Regarding the in vivo test, in order to evaluate the recovery of the probiotic strain, the monitoring method of resistant clones using LAMVABrif was adequate for our purpose. After administration, L. reuteri DSPV002C was recovered from the FM indicating that, as in the in vitro test, the strain went through gastrointestinal conditions and then reached the site of action. Matijasic et al. found variability between animals when analyzing feces recovered after administering two probiotic strains32. Some authors indicate that the fecal counts of probiotics decrease even with constant administration10,40. In our study, the recovery of the probiotic in the FM was constant without differences between days. Encapsulation techniques have been shown to be effective in protecting different probiotic microorganisms under simulated gastrointestinal conditions12. However, there are few studies that evaluate the protective capacity of encapsulation in in vivo digestive conditions. Wang et al. administered an encapsulated probiotic strain of L. reuteri to pigs, and compared it with the administration of a non-encapsulated strain, thus obtaining an increase in shedding in FM in the animals with the encapsulated strain42. The production of macrocapsules with a high density of microorganisms allowed us to ensure the passage through gastrointestinal conditions to the site of action, which was reflected in the recovery of the strain in the FM.
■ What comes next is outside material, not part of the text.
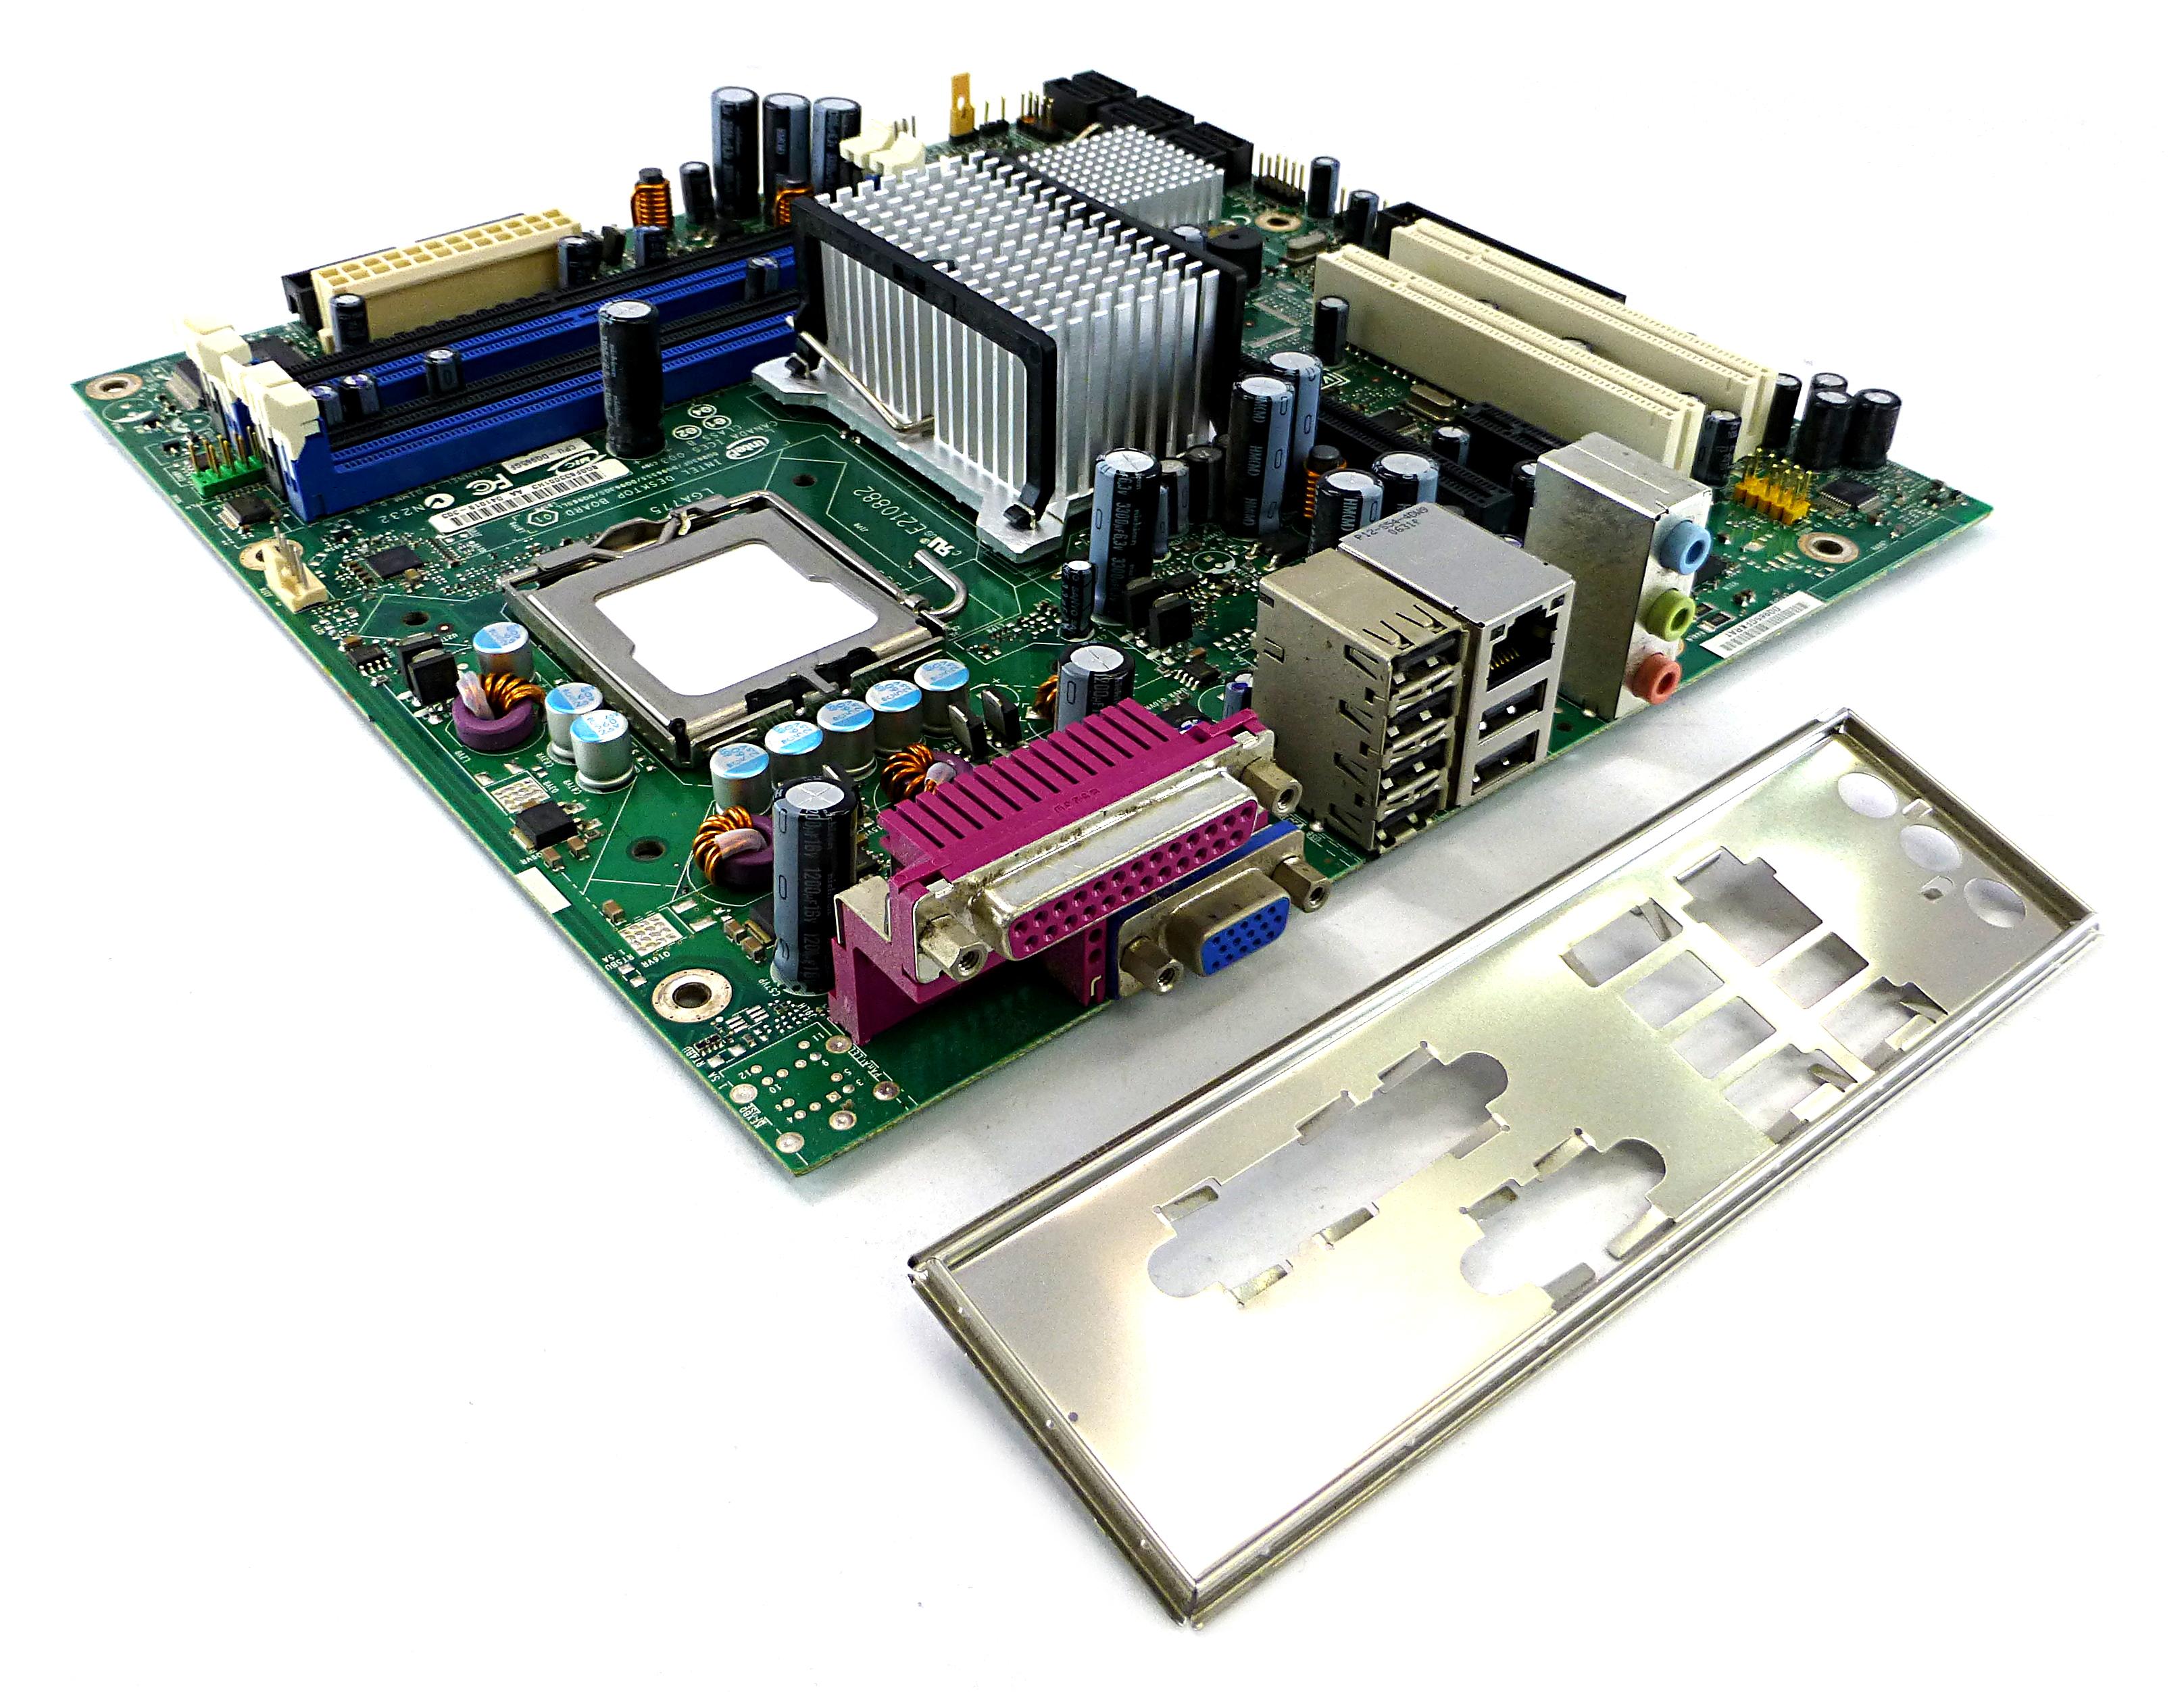 DQ965GFKRA1 Intel Socket 775 Motherboard D41019-303

ConclusionMacrocapsules with an inoculum:matrix ratio of 9:1 allowed us to obtain a product with a quantity of microorganisms higher than the MRD. Regarding cryoprotectants, CWP was better than maltodextrin in protecting the probiotic inoculum in the lyophilizate process. Of all the storage conditions, the macrocapsules kept frozen, with PS and vacuum packed, were the ones that showed the best viability up to 210 d of storage. The GS7.5P9 macrocapsules were able to protect the L. reuteri DSPV002C inoculum, showing less loss of viability than the free culture after 6h of incubation under simulated gastrointestinal conditions. Viability by flow cytometry did not agree with the results obtained by plate counting under simulated gastrointestinal conditions. Through this study, a macrocapsule with high bacterial densities was obtained with a long useful life and with the appropriate shape to be added to pig feed. After administration to the animals, the strain was recovered, thus demonstrating it had reached the site of action in the gastrointestinal tract. In the future, it would be interesting to carry out other tests where the probiotic effect on different parameters (e.g. growth performance, immunology, health status) in the animals are evaluated.
FundingThis study was part of a CAI+D Project financed by Universidad Nacional del Litoral, Santa Fe, Argentina.
Conflict of interestThe authors declare that they have no conflicts of interest.